(Fair enough if you never read any of these comments.)
As I’ve noted in all of these comments, people consistently use terminology when making counting style arguments (except perhaps in Joe’s report) which rules out the person intending the argument to be about function space. (E.g., people say things like “bits” and “complexity in terms of the world model”.)
(I also think these written up arguments (Evan’s talk in particular) are very hand wavy, and just provide a vague intuition. So regardless of what he was intending, the actual words of the argument aren’t very solid IMO. Further, using words that rule out the intention of function space doesn’t necessarily imply there is an actually good model behind these words. To actually get anywhere with this reasoning, I think you’d have to reinvent the full argument and think through it in more detail yourself. I also think Evan is substantially wrong in practice though my current guess is that he isn’t too far off about the bottom line (maybe a factor of 3 off). I think Joe’s report is much better in that it’s very clear what level of abstraction and rigor it’s talking about. From reading this post, it doesn’t seem like you came into this project from the perspective of “is there an interesting recoverable intuition here, can we recover or generate a good argument” which would have been considerably better IMO.)

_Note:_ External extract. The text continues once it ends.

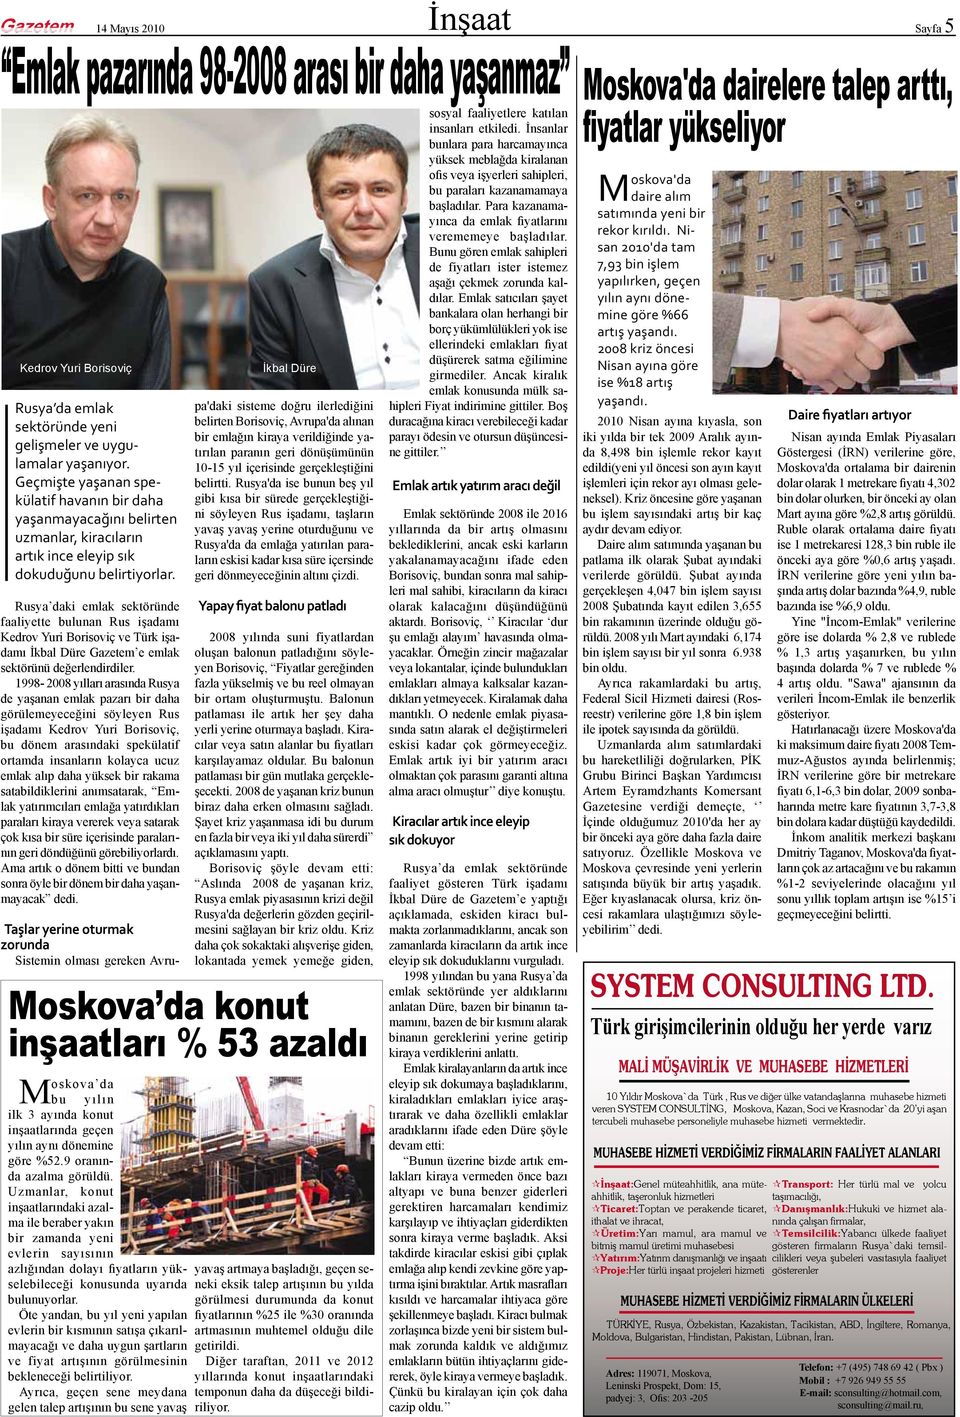 Rusya daki emlak sektöründe faaliyette bulunan Rus işadamı Kedrov Yuri Borisoviç ve Türk işadamı İkbal Düre Gazetem e emlak sektörünü değerlendirdiler.

AFAICT Joe also thought this in his report
I think Joe was just operating from a much vaguer counting argument perspective based on my conversations with him about the report and his comments here. As in, he was just talking about the broadly construed counting-argument which can be applied to a wide range of possible inductive biases. As in, for any specific formal model of the situation, a counting-style argument will be somewhat applicable. (Though in practice, we might be able to have much more specific intuitions.)
Note that Joe and Evan have a very different perspective on the case for scheming.
(From my perspective, the correct intuition underlying the counting argument is something like “you only need to compute something which nearly exactly correlates with predicted reward once while you’ll need to compute many long range predictions to perform well in training”. See this comment for a more detailed discussion.)
As I’ve noted in all of these comments, people consistently use terminology when making counting style arguments (except perhaps in Joe’s report) which rules out the person intending the argument to be about function space. (E.g., people say things like “bits” and “complexity in terms of the world model”.)
Aren’t these arguments about simplicity, not counting?
Fair enough if you never read any of these comments.
Yeah, I never saw any of those comments. I think it’s obvious that the most natural reading of the counting argument is that it’s an argument over function space (specifically, over equivalence classes of functions which correspond to “goals.”) And I also think counting arguments for scheming over parameter space, or over Turing machines, or circuits, or whatever, are all much weaker. So from my perspective I’m attacking a steelman rather than a strawman.
I’ve argued multiple times that Evan was not intending to make a counting argument in function space:
In discussion with Alex Turner (TurnTrout) when commenting on an earlier draft of this post.
In discussion with Quintin after sharing some comments on the draft. (Also shared with you TBC.)
In this earlier comment.
(Fair enough if you never read any of these comments.)
As I’ve noted in all of these comments, people consistently use terminology when making counting style arguments (except perhaps in Joe’s report) which rules out the person intending the argument to be about function space. (E.g., people say things like “bits” and “complexity in terms of the world model”.)
(I also think these written up arguments (Evan’s talk in particular) are very hand wavy, and just provide a vague intuition. So regardless of what he was intending, the actual words of the argument aren’t very solid IMO. Further, using words that rule out the intention of function space doesn’t necessarily imply there is an actually good model behind these words. To actually get anywhere with this reasoning, I think you’d have to reinvent the full argument and think through it in more detail yourself. I also think Evan is substantially wrong in practice though my current guess is that he isn’t too far off about the bottom line (maybe a factor of 3 off). I think Joe’s report is much better in that it’s very clear what level of abstraction and rigor it’s talking about. From reading this post, it doesn’t seem like you came into this project from the perspective of “is there an interesting recoverable intuition here, can we recover or generate a good argument” which would have been considerably better IMO.)
I think Joe was just operating from a much vaguer counting argument perspective based on my conversations with him about the report and his comments here. As in, he was just talking about the broadly construed counting-argument which can be applied to a wide range of possible inductive biases. As in, for any specific formal model of the situation, a counting-style argument will be somewhat applicable. (Though in practice, we might be able to have much more specific intuitions.)
Note that Joe and Evan have a very different perspective on the case for scheming.
(From my perspective, the correct intuition underlying the counting argument is something like “you only need to compute something which nearly exactly correlates with predicted reward once while you’ll need to compute many long range predictions to perform well in training”. See this comment for a more detailed discussion.)
Aren’t these arguments about simplicity, not counting?
Yeah, I never saw any of those comments. I think it’s obvious that the most natural reading of the counting argument is that it’s an argument over function space (specifically, over equivalence classes of functions which correspond to “goals.”) And I also think counting arguments for scheming over parameter space, or over Turing machines, or circuits, or whatever, are all much weaker. So from my perspective I’m attacking a steelman rather than a strawman.